Sometimes a movie needn't make perfect sense. Vitality and a sense of urgent cinematic life also can create works of significance. I say this by way of introducing a review of Synonyms, a movie from Israeli director Nadav Lapid.
At heart, the movie is about one man's conflicted sense of identity. Lapid approaches this subject by following Yoav (Tom Mercier), a former Israeli soldier who arrives in Paris determined to denounce his Israeli origins and become a full-fledged Frenchman.
On the day of his arrival, Yoav finds a spacious, empty Paris apartment, goes to sleep in a cocoon-like garment and awakens to take a morning shower. While in the shower, his belongings -- most importantly his clothes -- are stolen. Naked and cold, he's reborn into his new life.
Early on, Lapid garnishes Yoav's flight from his identity with odd comic flourishes. We're kept off-guard. Are we supposed to take any of this seriously? Is everything we're seeing meant to be taken metaphorically?
Mercier's tense, withholding, and muscular performance heightens the sense of mystery. Mercier makes one thing clear: Getting to know Yoav won't e easy. That doesn't make Synonyms more accessible, but it creates a sense of mystery as we wait for Lapid to supply the narrative beats that will pull everything into sharper focus.
Lapid does and doesn't supply those beats. Mostly, he keeps us in a state of unease, but his filmmaking can be so vital that we're reluctant to cash in our chips and move on.
Early on, the naked, freezing Yoav is taken in by two people who share an apartment in the building where Yoav first staked his claim. Emile (Quentin Dolmaire) is a writer and Caroline (Louise Chevillotte) plays the oboe. They're a couple of sorts, two people sharing an apartment while sustaining a relationship they've only vaguely defined.
They supply Yoav with clothing, notably a stylish, orange coat that he rarely removes as he travels about Paris.
For reasons that are never made entirely clear, Yoav becomes involved with Israelis who are resolved to fight neo-fascists in France.
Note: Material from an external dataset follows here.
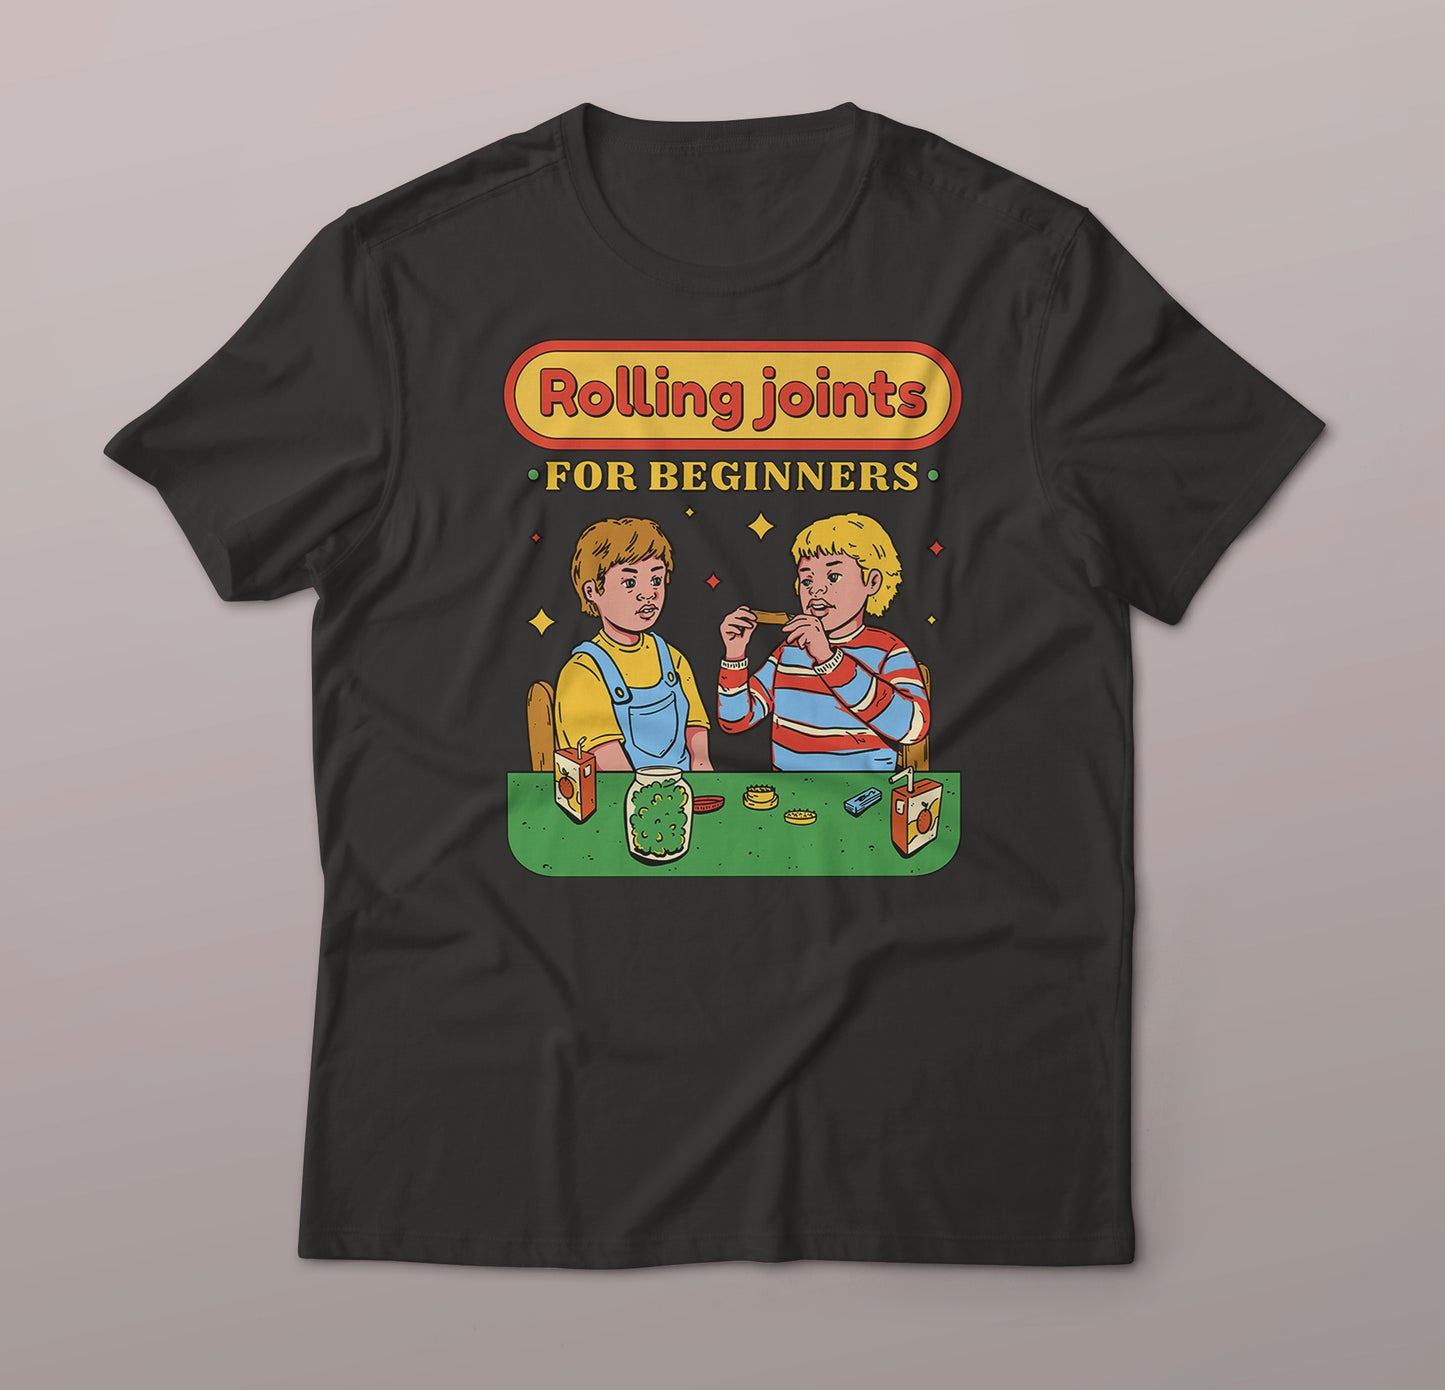 Rolling Joints for Beginners Ladies Fit T-shirt

One of them (Uria Hayik) insists on creating bizarre confrontations with otherwise indifferent strangers. He pushes his Israeli/Jewish identity into startled faces, turning his public persona into an act of aggression. I'm an Israeli. I'm a Jew. Now do something about it. He loudly hums Hatikvah, the Israeli national anthem, as he confronts baffled riders in a crowded subway car.
I took this as a way for Lapid to assert another part of the Israeli identity, the part that refuses to wait for anti-Semitism to emerge before confronting it, the part that's been conditioned against any form of passivity in the face of potential victimization.
Lapid doesn't neglect the fact that Yoav becomes an object for the French to observe, sometimes in bizarre comic fashion. At one point, a French artist pays him to pose for homoerotic porn. And it's clear early on that Chevillotte's Caroline has carnal interests in Yoav's sculpted body.
The movie's title derives from Yoav's habit of walking through the streets of Paris reciting strings of related or synonymous words as part of his effort to improve his French. Yoav's transformation involves an obdurate refusal to speak Hebrew, even to other Israelis. Only French, he insists.
Yoav's life is spartan. He moves into another vacant apartment where he cooks the one meal he eats daily, inexpensive pasta topped with an inexpensive sauce.
How Yoav knows of these apartments never is made clear, although it's reasonable to assume that he has had previous contact with a network of Parisian-based Israelis.
You won't be surprised to know that Yoav's efforts to recreate himself are doomed. But in this wild and eruptive movie, contradictions aren't resolved; they're splayed across the screen in a vibrant, provocative fashion. Their absurdities taunt us.